Monday, May 28, 2012

Money & Business

Gadgets for the geek set

Posted 10/24/04

PalmOne's success last year with the Treo 600 smart phone--with its full set of tiny but usable thumb keys--has helped give new life to the keyboard. Now competitors are arriving with their own novel approaches to typing.

Hoopla surrounds smart phones because of the innovations they bring. But the remarkably small devices serve a remarkably small market. "The vast majority of consumers have no clue what they would do with one," says Alex Slawsby at market researchers IDC. Smart phones have mostly appealed to those who already carry hand-held computers, a market of only 10 million units a year worldwide. The result: Of the 620 million wireless phones projected to be sold this year, perhaps 18 million will be smart.

No doubt, they accomplish a lot besides voice calls--wireless E-mail, instant messaging, address and calendar syncing, and even photos and videos. But they're expensive--the Treo is $400 with a service contract. The phones are also tough to use. The increasingly high-resolution screens still display only limited information at a time, so there's lots of clicking and scrolling to get at the smarts inside. Entering data into the phones while on the road is difficult--handwriting recognition is too clumsy for E-mail, and Americans don't like triple-punching number buttons to type letters.

Special software is what makes the Treo 600's tiny QWERTY board work, monitoring which key was pressed the longest when several are mashed at once. The new Treo 650 being announced this week will have flatter keys, replacing the humpback ones that irked some users. (Other grief relief: a removable battery and data that don't die with a battery.)

Sony Ericsson, meanwhile, took a hideaway approach to letters on its new p910a, whose price awaits carrier announcements. The keyboard is hidden behind the phone's number pad, which flips open to reveal a full QWERTY bank. But using the keyboard takes two hands, unlike the one-handed thumbing that's possible on the Treo.

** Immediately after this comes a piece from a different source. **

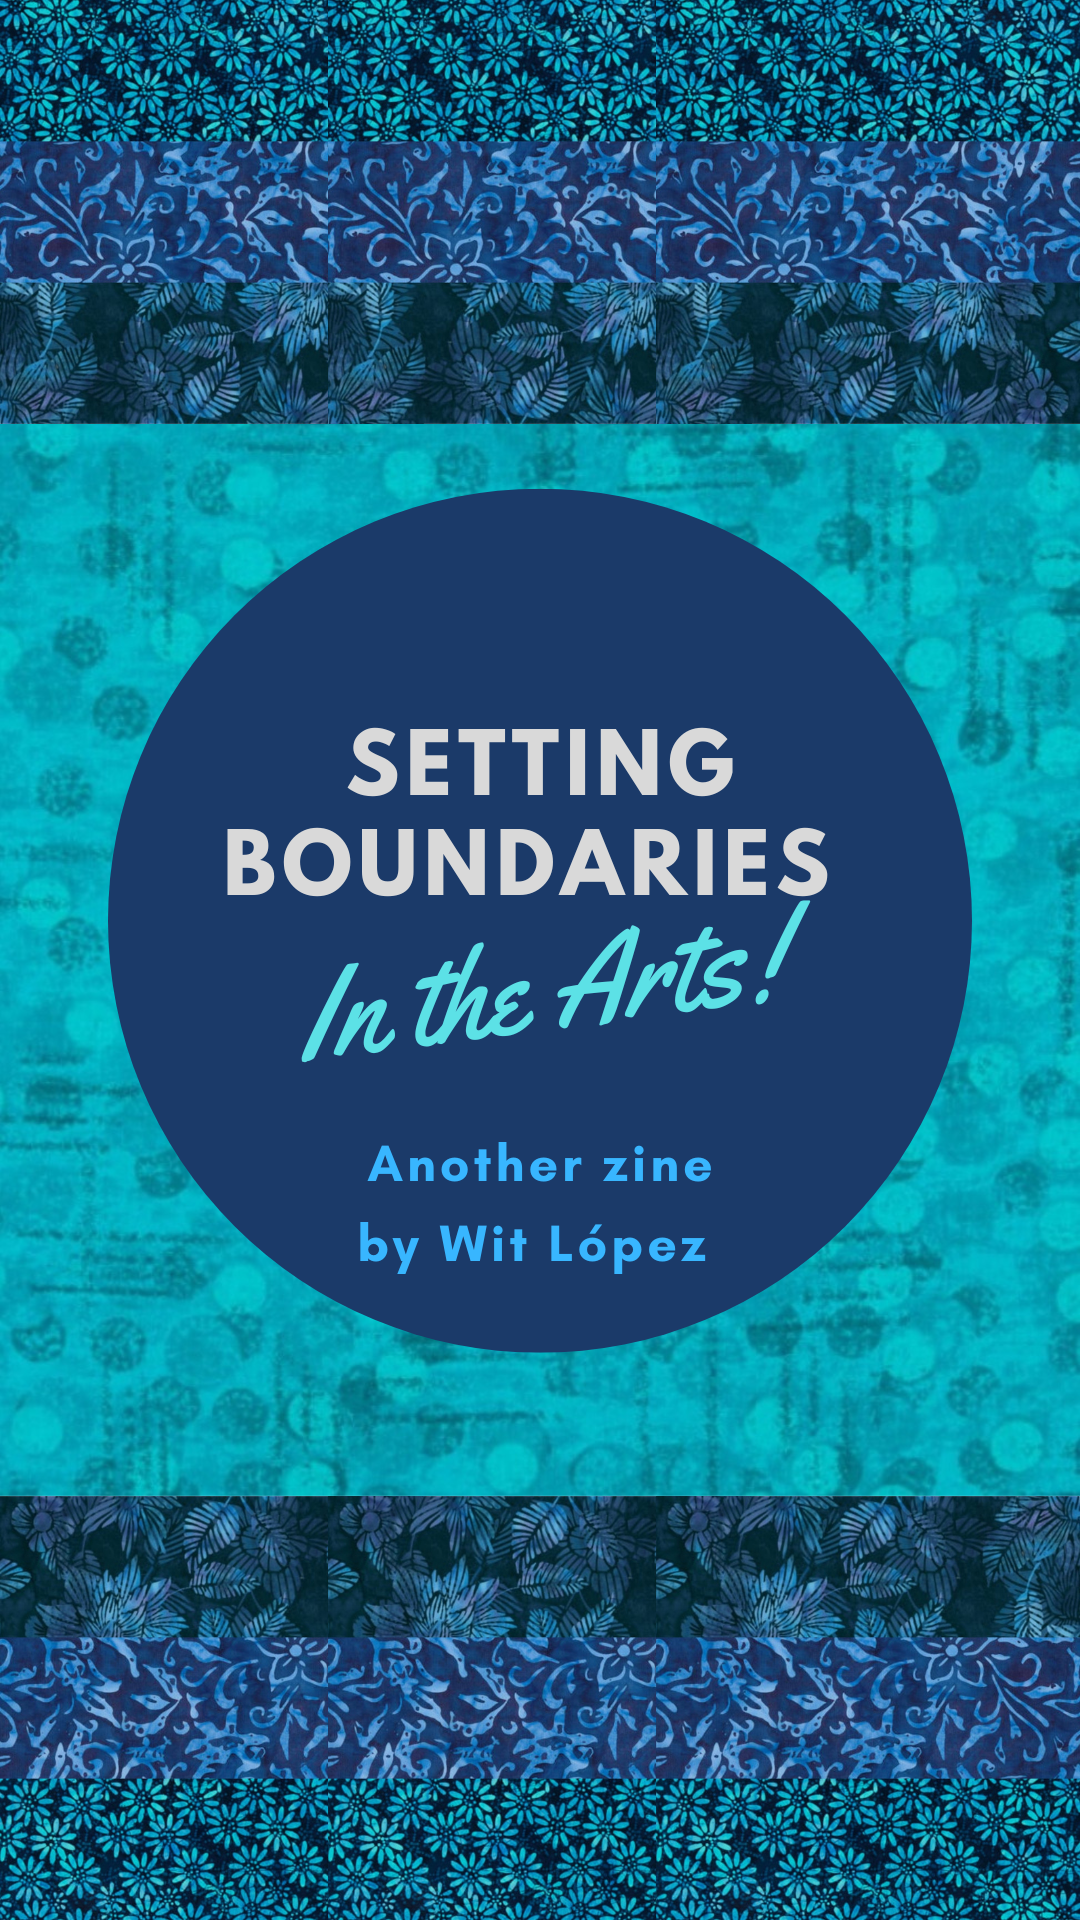 Setting Boundaries In The Arts: Another zine by Wit Lopez

A more intriguing keyboard comes from Research In Motion, which first popularized small QWERTY keyboards in its BlackBerrys. The new 7100t ($200 from T-Mobile with contract) has a keyboard integrated into the phone keypad, resulting in buttons that each have two letters (and a number or punctuation mark). RIM's SureType software guesses which letter is right as a key is pressed. It takes more getting used to than the Treo and Sony Ericsson full keyboards. Also, RIM aims the 7100t at E-mail users, so there's no camera and few downloadable programs. -David LaGesse

This story appears in the November 1, 2004 print edition of U.S. News & World Report.